Ion Torrent released a second machine in 2012, the Ion Proton, which increases output over the PGM by an order of magnitude (1Gb versus 10Gb). However, the Proton currently features a maximum of 200bp read lengths as opposed to 400bp for the PGM. Multiple chips are also available to tailor outputs for different applications. The PGM is most useful for targeted resequencing projects and small genome analysis, whereas the Proton is capable of exome sequencing and whole-transcriptome analysis. The speed of sequencing, 2–8 hours depending on the machine and chip used, make these sequencers particularly useful for clinical applications (Mellmann et al., 2011). Insertions and deletions (indels) are the most common error types (Liu et al., 2012). Because the correlation between the number of bases incorporated and the subsequent voltage change does not perfectly scale, homopolymer repeats longer than 6 base pairs lead to increased error rates (Rothberg et al., 2011).

Pacific Biosciences

Single-molecule real-time (SMRT) sequencing was pioneered by Nanofluidics, Inc. and commercialized by Pacific Biosciences. Template preparation involves ligation of single-stranded, hairpin adapters onto the ends of digested DNA or cDNA molecules, generating a capped template (SMRT-bell). By using a strand displacing polymerase, the original DNA molecule can be sequenced multiple times, thereby increasing accuracy (Travers et al., 2010). Importantly, clonal amplification is avoided, allowing direct sequencing of native, and potentially modified, DNA. DNA synthesis occurs in zeptoliter-sized chambers, called zero-mode waveguides (ZMW), in which a single polymerase is immobilized at the bottom of the chamber (Levene et al., 2003) (Figure 3A). The physics of these chambers reduces background noise such that phosphate-labeled versions of all 4 nucleotides can be present simultaneously. Thus, polymerization occurs continuously, and the DNA sequence can be read in real-time from the fluorescent signals recorded in a video (Eid et al., 2009).

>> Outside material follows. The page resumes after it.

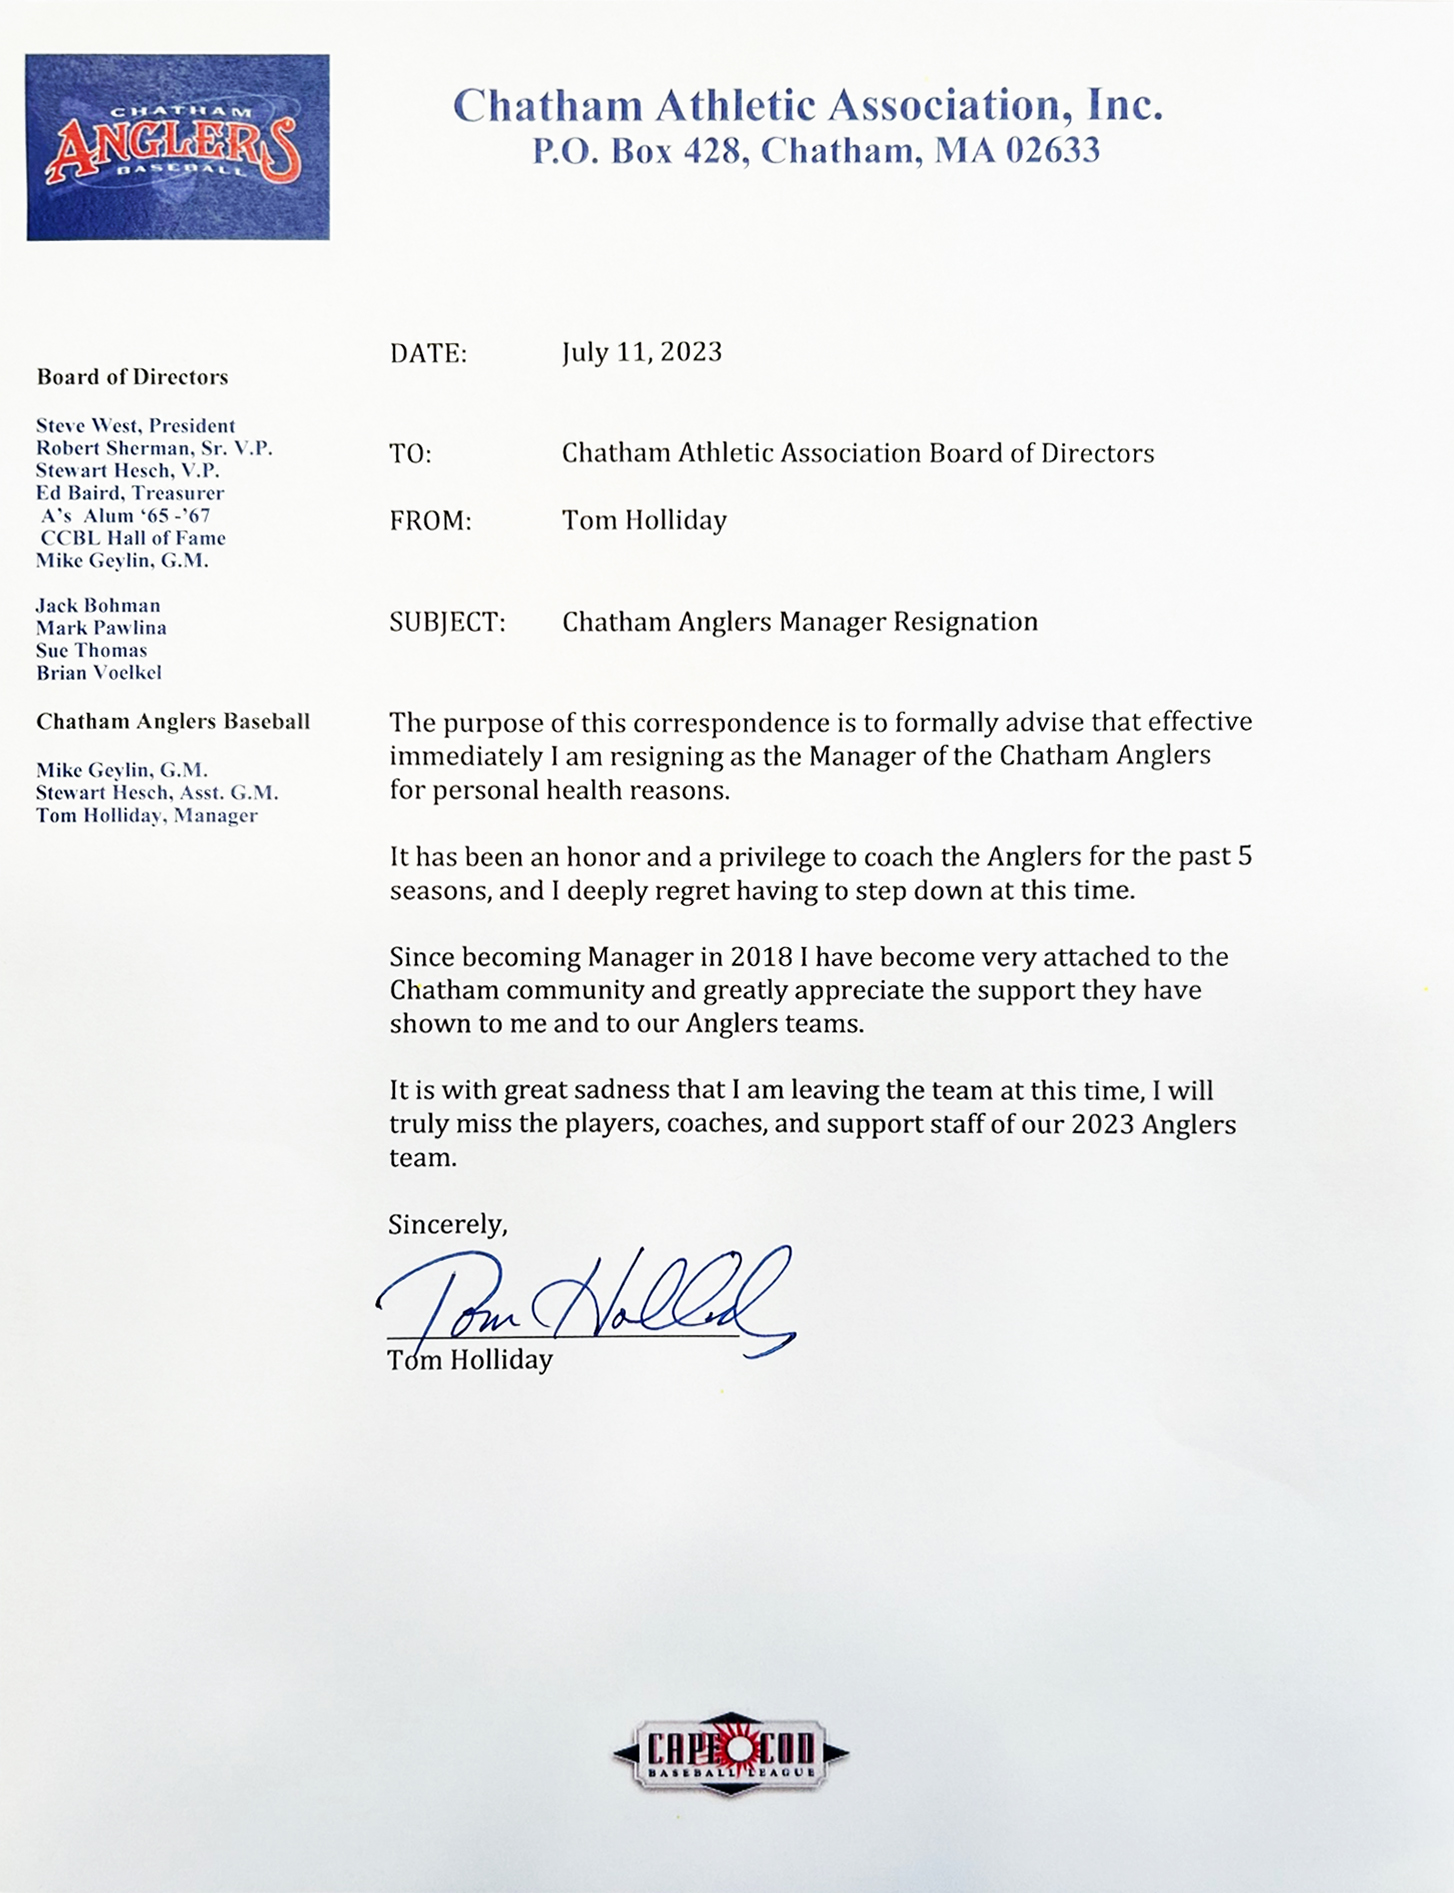 Tom Holliday resignation letter | July 11, 2023

Released in 2010, the RS II remains Pacific Biosciences only commercially available machine. However, altering the chemistry and doubling the number of ZMWs to 150k per SMRT cell have greatly enhanced performance. Using the latest chemistry, each SMRT cell produces ~50k reads and up to 1Gb of data in 4 hours. The average read lengths are >14kb, but individual reads can be as long 60kb. As with most single molecule sequencing platforms, high error rates (~11%) are evident for single pass reads, and these errors are dominated by indels. Sequencing errors, however, are distributed randomly, allowing accurate consensus calls with increasing coverage or multiple passes around the same template, socalled circular consensus sequences (Carneiro et al., 2012; Koren et al., 2012). By avoiding clonal amplification, SMRT sequencing is also much less sensitive to GC sequence content than other platforms (Loomis et al., 2013). This suite of characteristics makes SMRT sequencing particularly useful for projects involving de novo assembly of small bacterial and viral genomes as well as large genome finishing (English et al., 2012). Reconstructing structural variation in the genome (Chaisson et al., 2014) and isoform usage in the transcriptome (Sharon et al., 2013) are also key areas where SMRT sequencing has clear advantages over short read technologies. However, lower throughput and higher per base sequencing costs currently limit the scope of most genome-wide studies.

In addition to providing long, unbiased reads, another distinguishing characteristic of SMRT sequencing is that the polymerization reaction is monitored in real-time, allowing data pertaining to both base composition and enzymatic kinetics to be collected. Distinct kinetic profiles are produced as the polymerase encounters various types of DNA methylation (Flusberg et al., 2010). These kinetic signatures have been utilized to map sites of potential 6-methyladenine and 5-methylcytosine genomewide in bacteria (Fang et al., 2012). It is possible that these approaches will be extended to map other types of DNA modifications, including DNA damage induced in cancer cells. Moreover, SMRT sequencing instruments are not limited to studying DNA alone, as other molecules, such as ribosomes, can be tethered to the bottom of the ZMW and monitored at single molecule resolution (Uemura et al., 2010).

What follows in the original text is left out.